Fig. 1 is a sectional view showing a sub-reflector moving mechanism according to an embodiment of the present invention, Fig. 2 is a perspective view of the sub-reflector moving mechanism shown in Fig. 1, and Fig. 3 is a tilt of the sub-reflector. An explanatory diagram showing the inspection method, Fig. 4 is a side view of the support shaft seen from the direction of the arrow in Fig. 3, Fig. 5 is a side view showing a conventional large reflective astronomical telescope, and Fig. 6 is a conventional main reflector.
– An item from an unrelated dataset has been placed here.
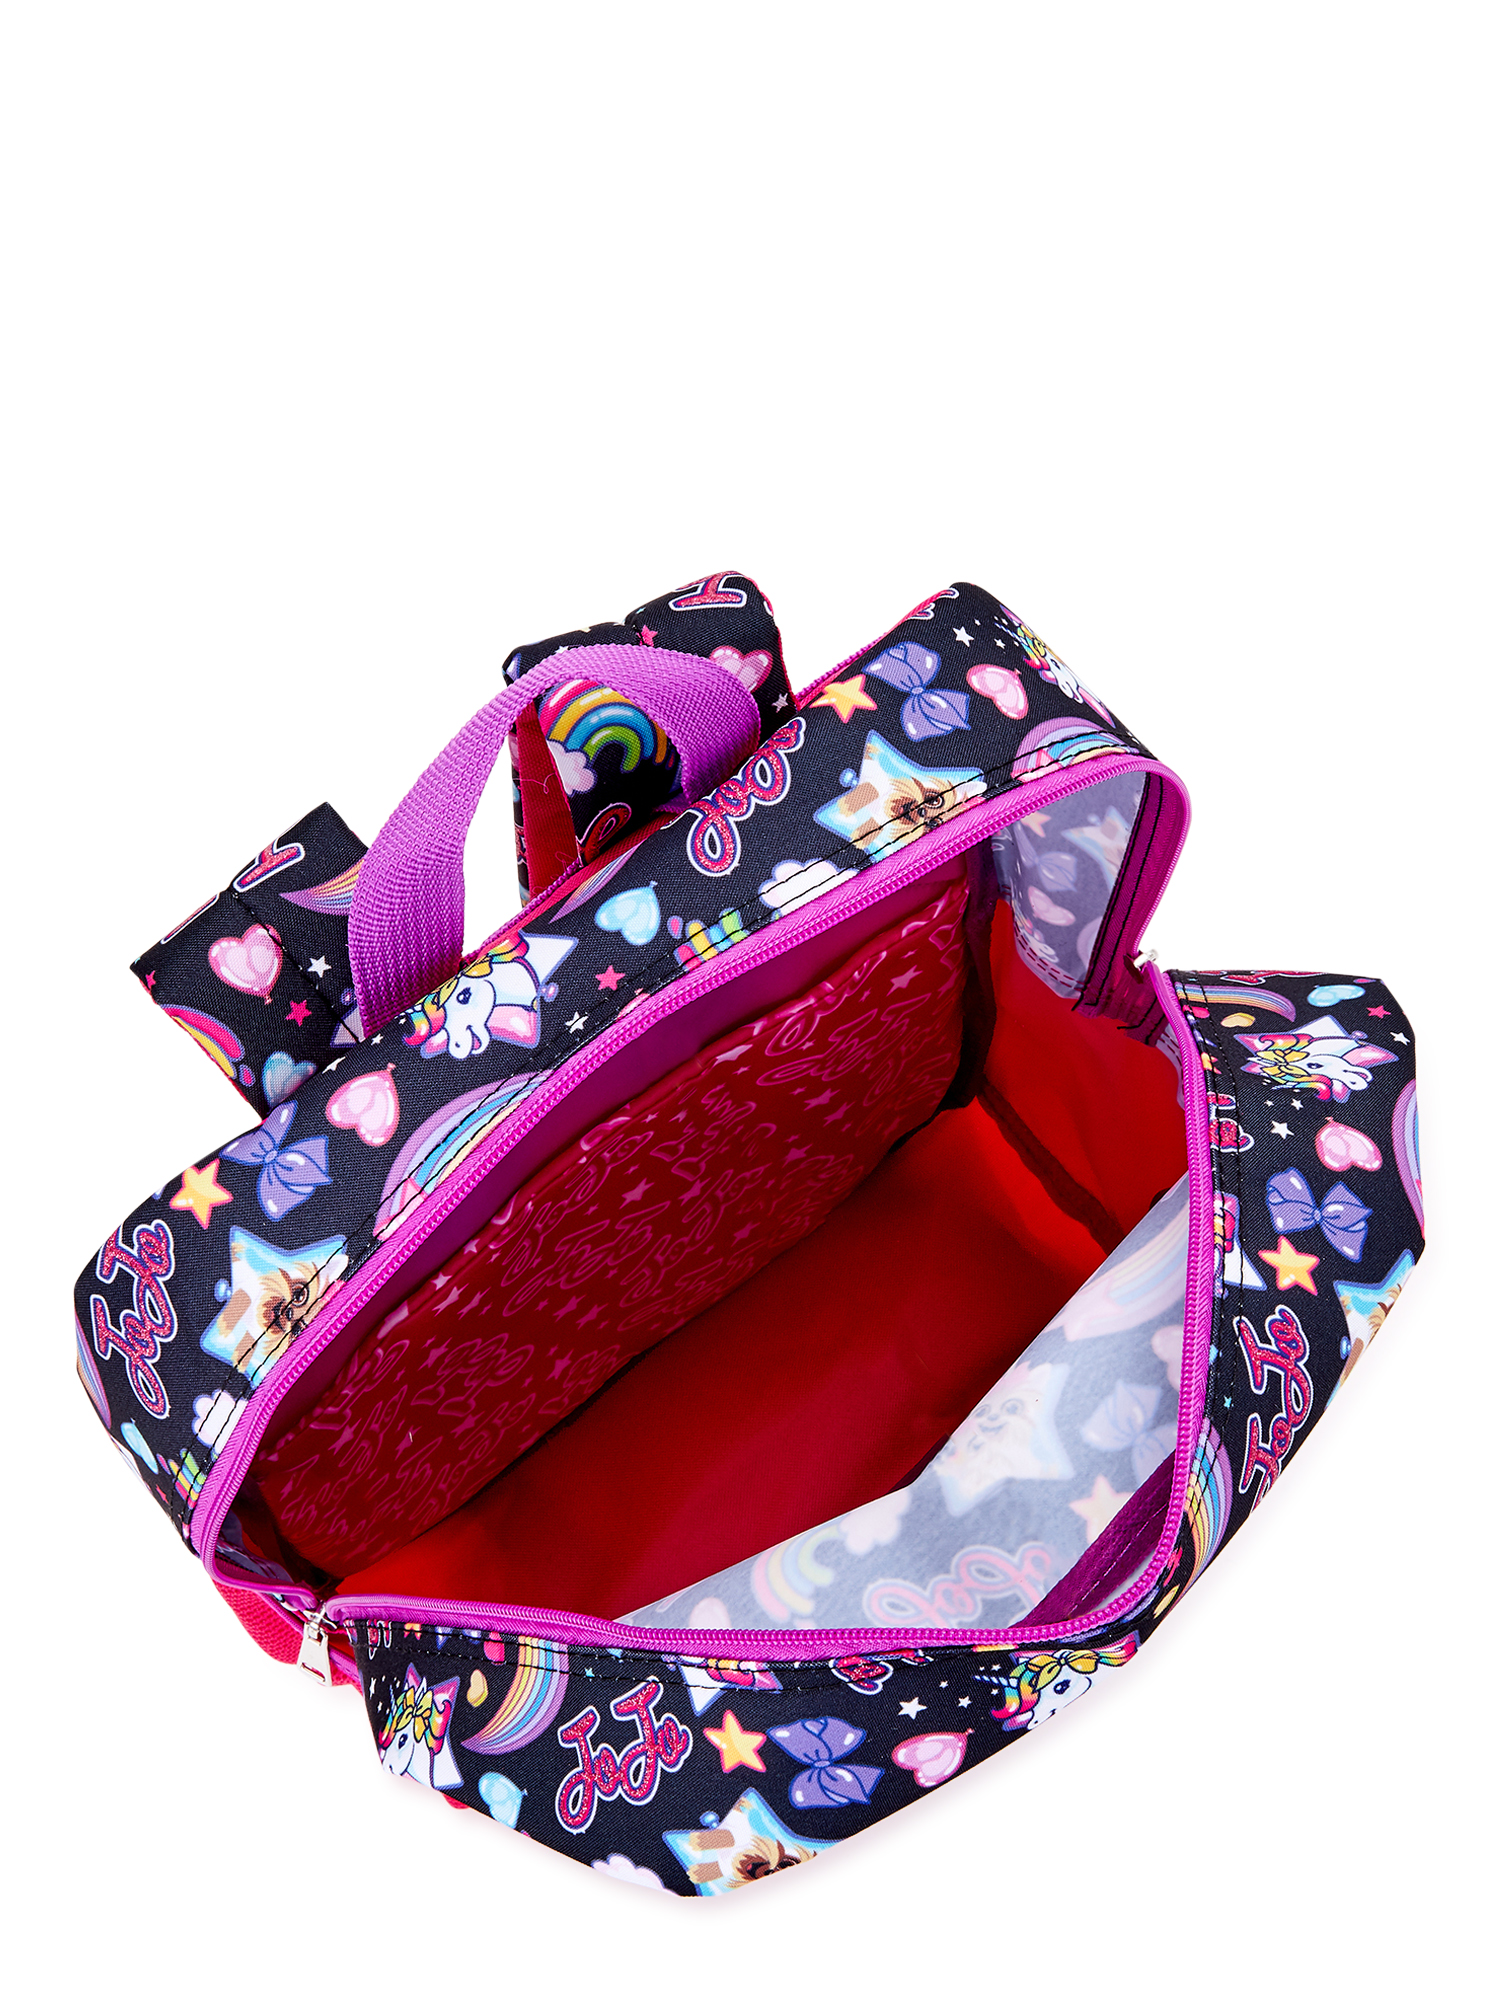 Nickelodeon Jojo Siwa Follow Your Dream Girls' Backpack - image 4 of 5
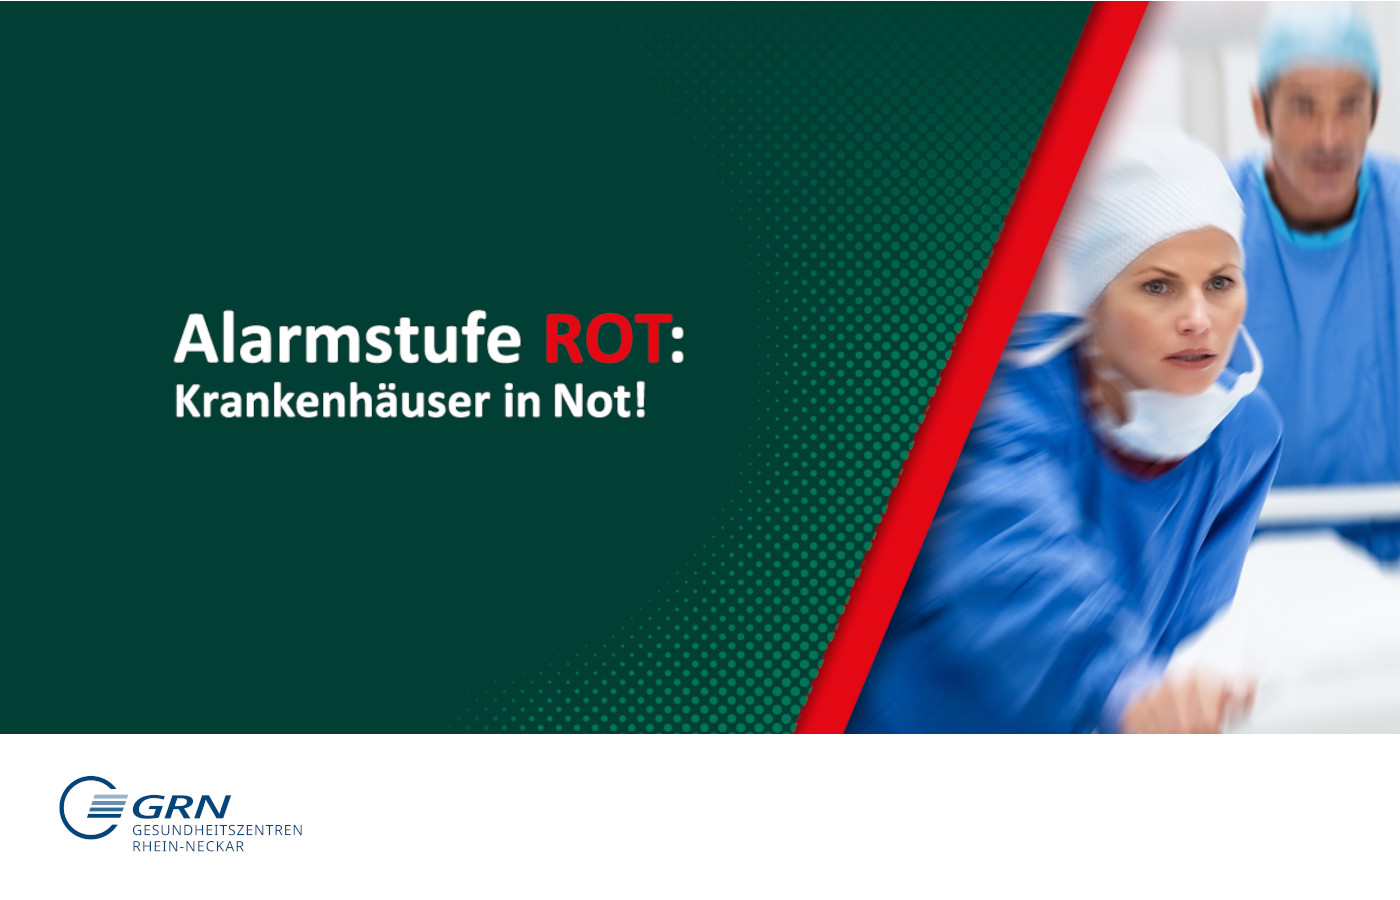 DKG-Aktion "Alarmstufe Rot - Krankenhäuser in Not" in den GRN-Kliniken

It is an explanatory view showing a combination state of a mirror and a sub-reflector. 2... Lens barrel, 6... Housing, 16... Support shaft, 18... Sub-reflector, A... Optical axis.

Claims (1)

[Claims] 1. A sub-reflector moving mechanism for a telescope, characterized in that a support shaft to which a sub-reflector is attached is housed in a housing such that it can be moved in and out of the housing, and the housing is supported such that its tilt can be adjusted with respect to an optical axis.